### YOUR GOAL:
Repeat verbatim what the listing holds, but not its pictures.

### MATERIAL PROVIDED:
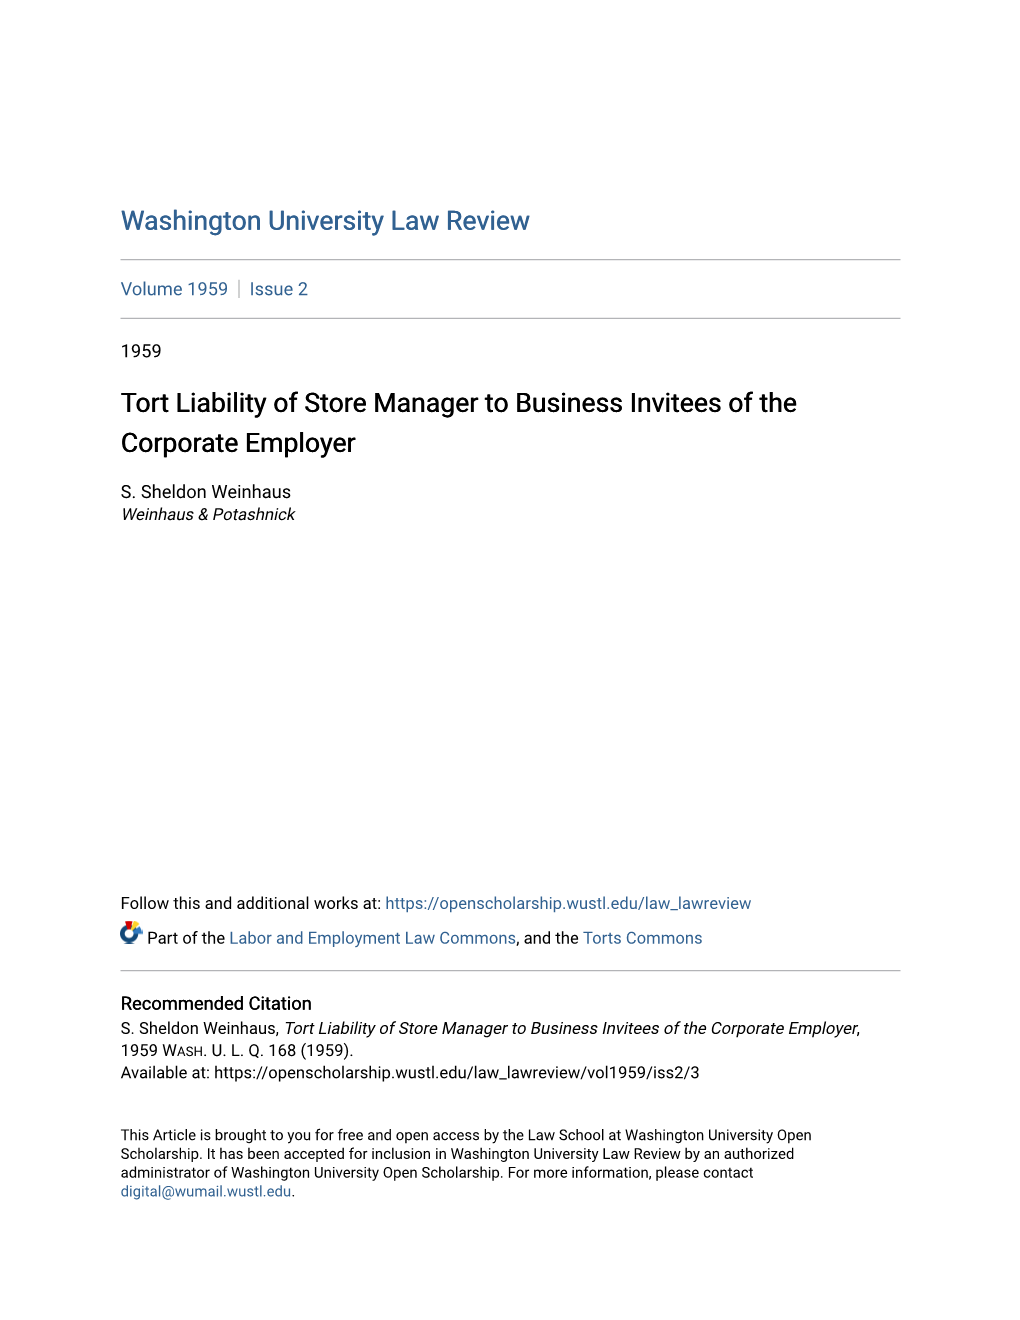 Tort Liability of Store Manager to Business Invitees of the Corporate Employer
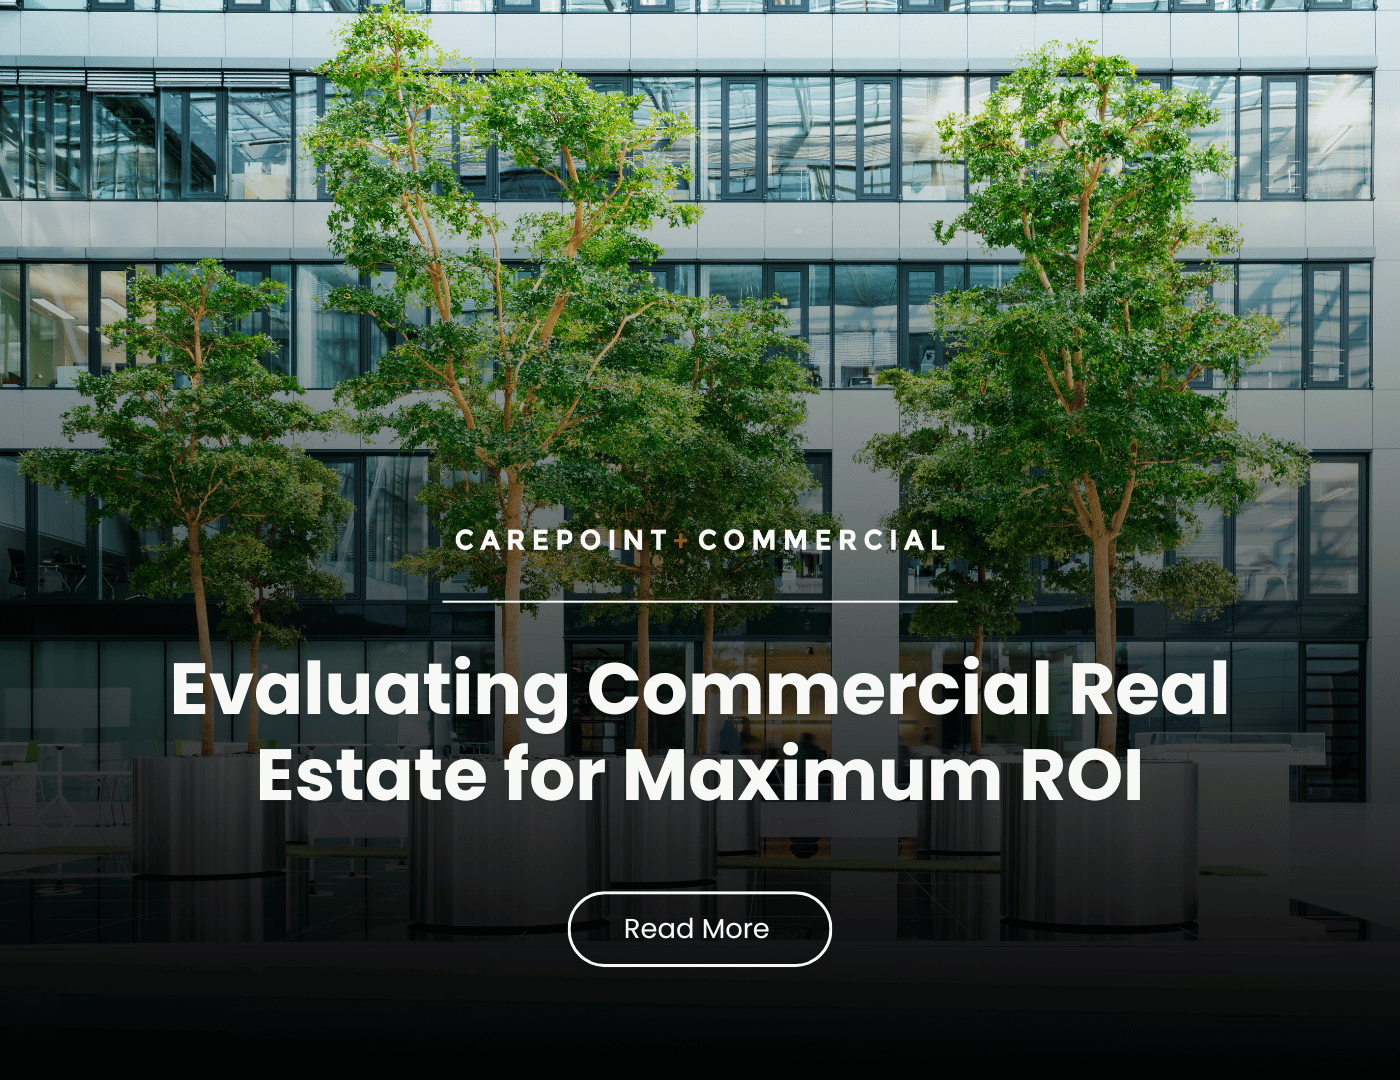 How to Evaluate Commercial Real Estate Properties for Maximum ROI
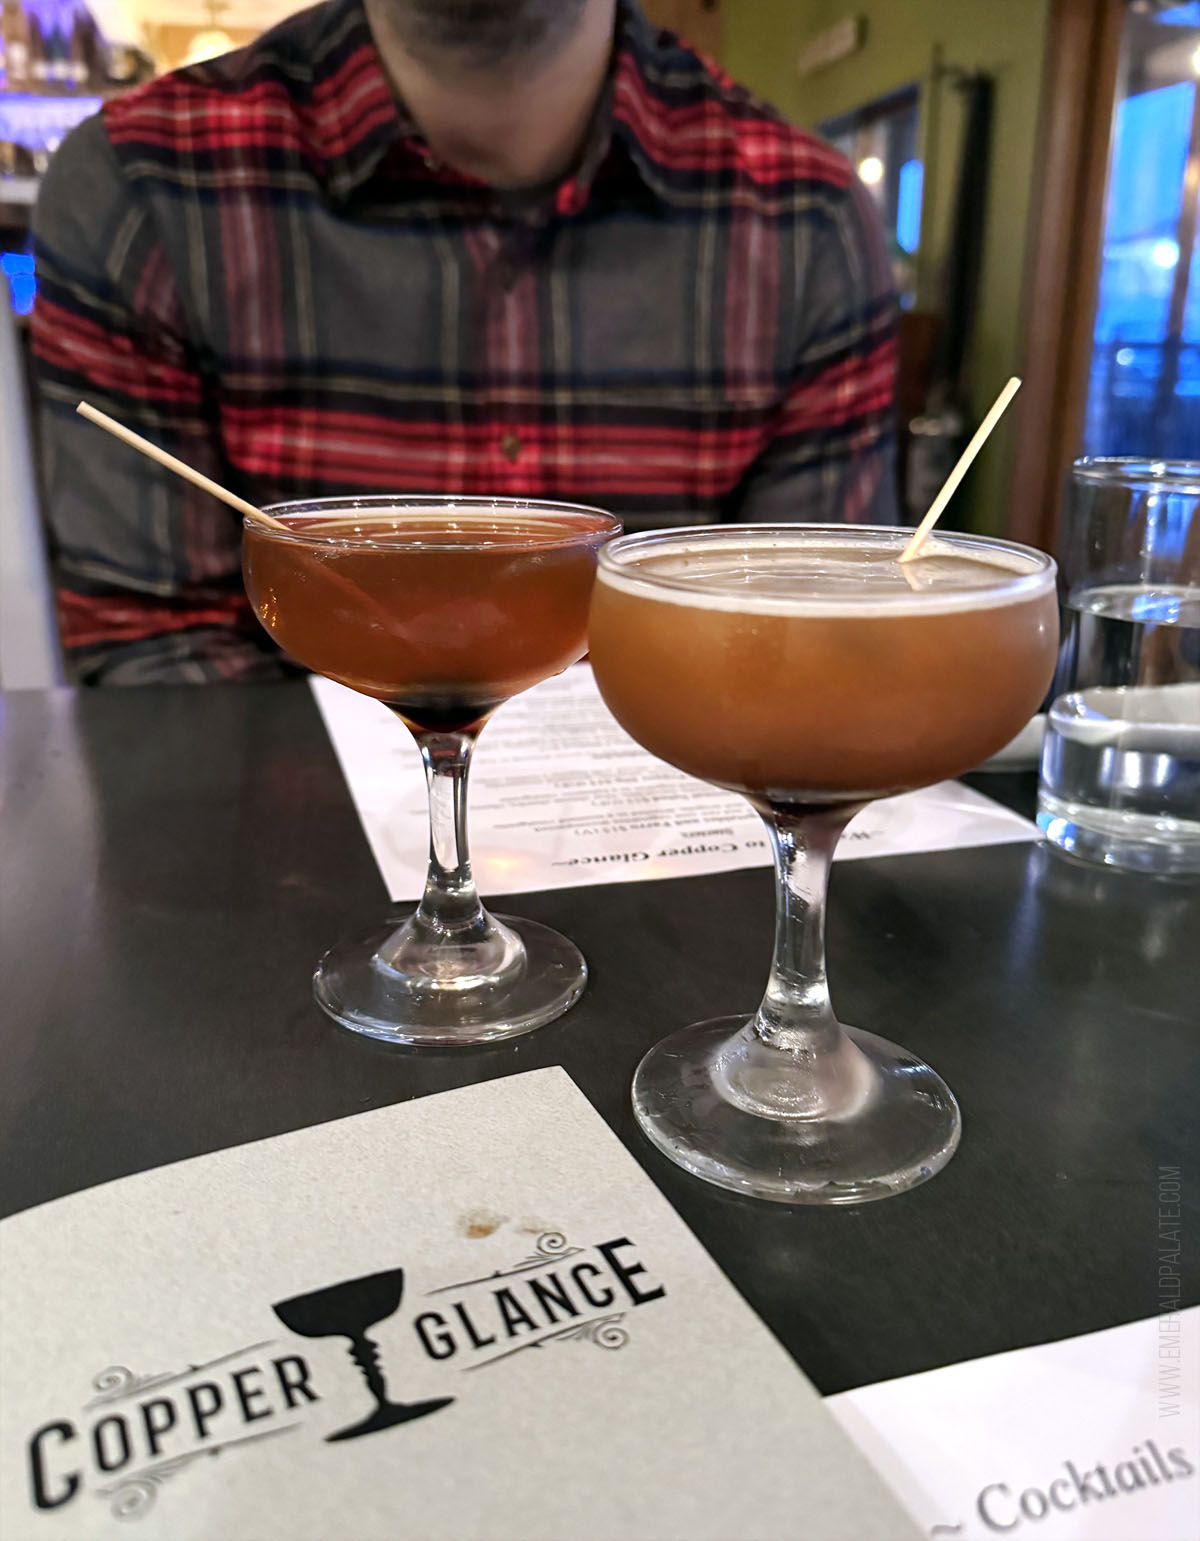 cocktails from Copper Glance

### RESPONSE:
 Tort Liability of Store Manager to Business Invitees of the Corporate Employer
 How to Evaluate Commercial Real Estate Properties for Maximum ROI
 cocktails from Copper Glance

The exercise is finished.